If a program is reasonably well written, you should be able to
make marks on the page all day long without exhausting the
memory or resources.  The early versions of Adobe's Colophon
newsletter often were 6-10 megabyte PostScript files with images
spanning a 17x22 inch spread, lots of downloaded fonts, etc.
A little prudent use of save/restore and making sure to print
images according to the example in the Red Book is all it takes.

I think there were going to be more content to this message, but
now I've managed to forget whatever it was that I was going to
say.  Oh, here are a few of them:  "filenameforall" is supposed
to supply a file name each time around the loop, otherwise it
is useless; Adobe doesn't make anywhere near $1000 per printer
(also, you don't double the royalty because the purchase price is
double the manufacturing cost, the royalty is part of the
manufacturing cost); 


In any case, let's bury the whole issue of undocumented code
and talk about something more interesting, or else let's go
find a net group that has no traffic and talk about PostScript
there, instead.

Glenn Reid
    speaking only for myself, from home, trying to rescue and
    preserve the spirit of the fine PostScript language

weiner@novavax.UUCP (Bob Weiner) (01/10/90)

Glenn Reid wrote:

  I am disappointed at the level of noise that has been clogging the
  arteries on what used to be a wonderful newsgroup.

This is just to second his notion.  I almost unsubscribed recently but
Glenn's article reaffirmed my notion that many people are reading the
newsgroup as Postscript users and don't need elaborate ROM-internal type
information but more help on how to get specific tasks done.

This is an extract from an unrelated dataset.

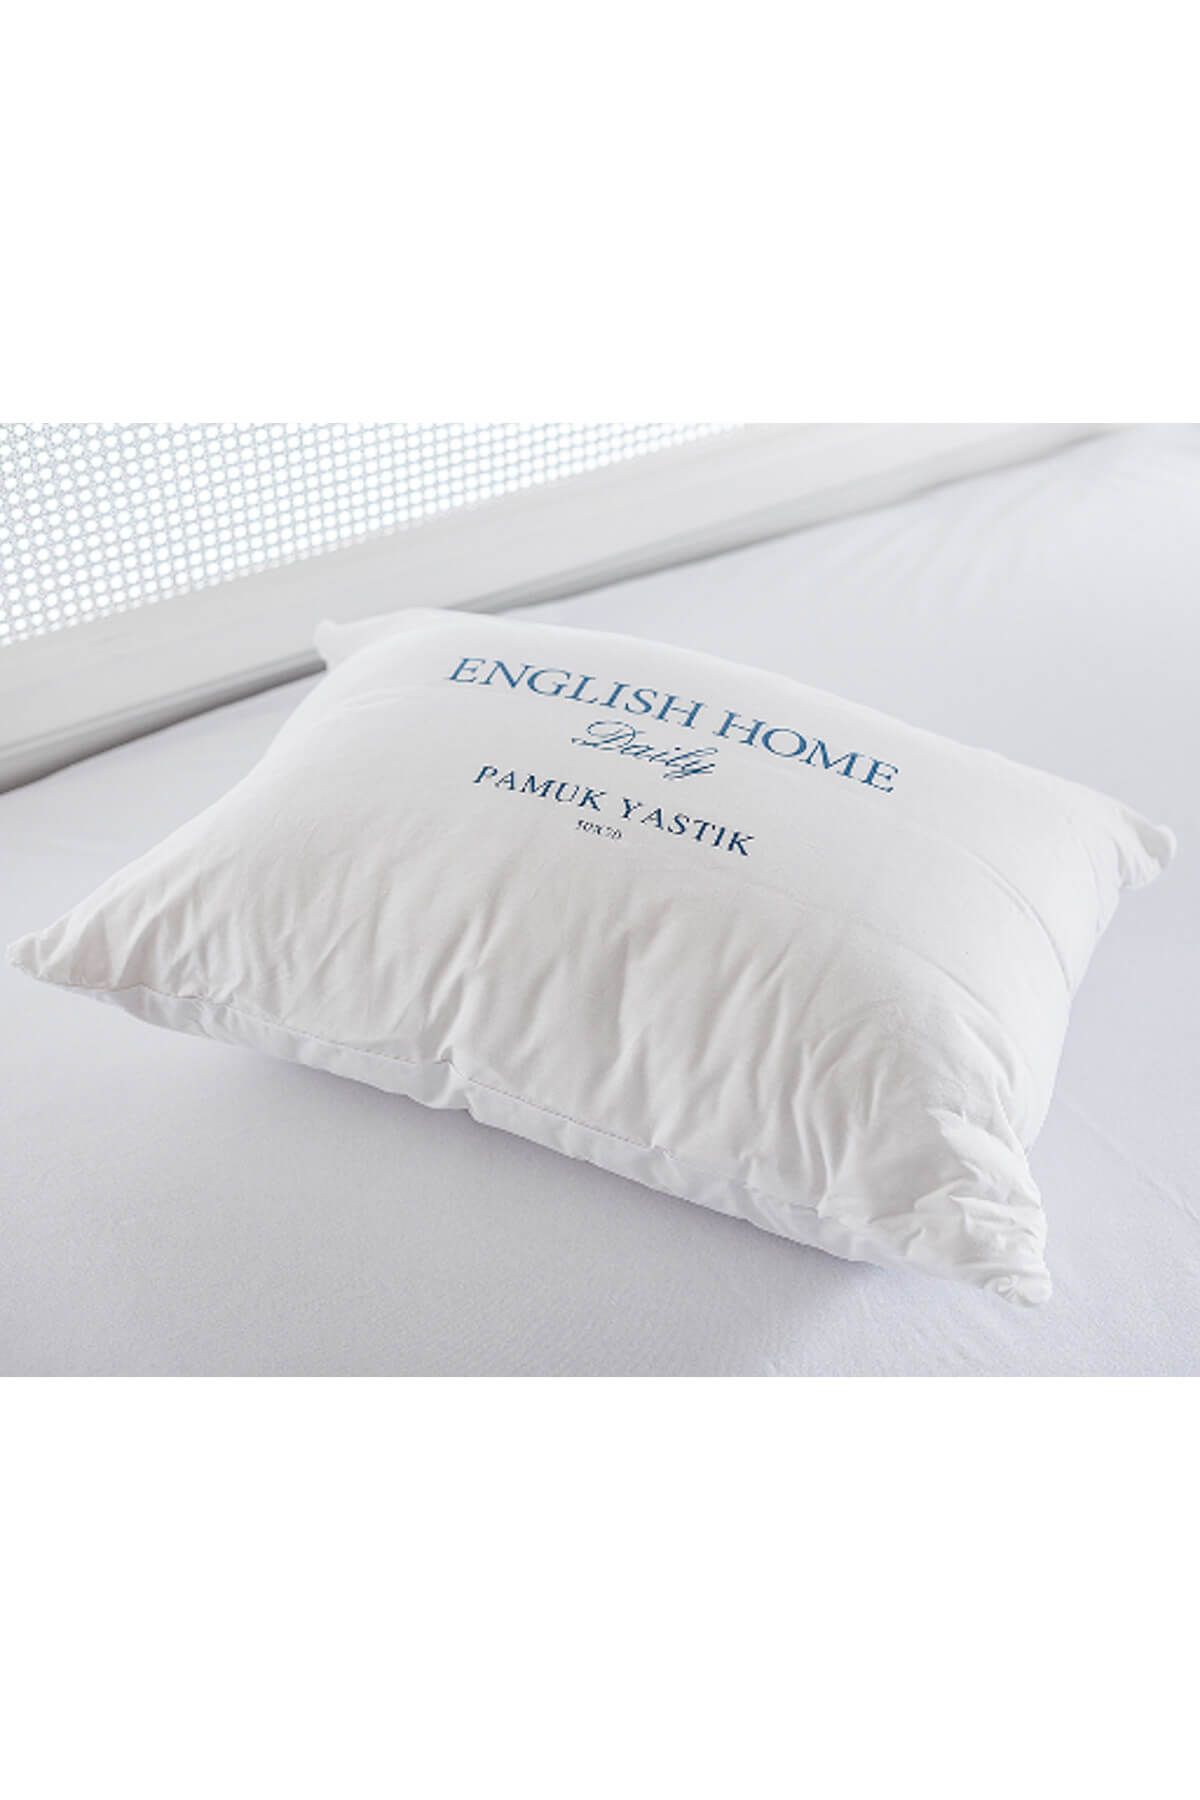 English Home Comfy Pamuk Yastık 50x70 Cm Beyaz

Could anyone post a summary of Postscript viewers for VAX VMS X window
systems, Apollo DM/X Window systems, Macintoshes and Sun 3 and 4s with
just Sunview.  It would be much appreciated.
-- 
Bob Weiner, Motorola, Inc.,   USENET:  ...!gatech!uflorida!novavax!weiner
(407) 364-2087

gelphman@adobe.COM (David Gelphman) (01/17/90)

In article <1727@novavax.UUCP> weiner@novavax.UUCP (Bob Weiner) writes:
>Could anyone post a summary of Postscript viewers for VAX VMS X window
>systems, Apollo DM/X Window systems, Macintoshes and Sun 3 and 4s with
>just Sunview.  It would be much appreciated.

>Bob Weiner, Motorola, Inc.,   USENET:  ...!gatech!uflorida!novavax!weiner
     On DEC platforms DEC is or will shortly be including previewers
with their DECWindows software. Under the current release of Ultrix there
is a PostScript previewer. Sometime this month, DEC is scheduled to
release a new version of DECWindows for Ultrix. The new release will include 
a PostScript previewer and in addition, the Display PostScript system 
will be integrated into DECWindows. Applications driving DEC's X/DPS
server can take advantage of the PostScript language when imaging.
   DEC is including the Display PostScript system in their next release
of DECWindows for VMS. I don't know the schedule for that release: perhaps
one of the DEC people can comment or you can contact Digital directly.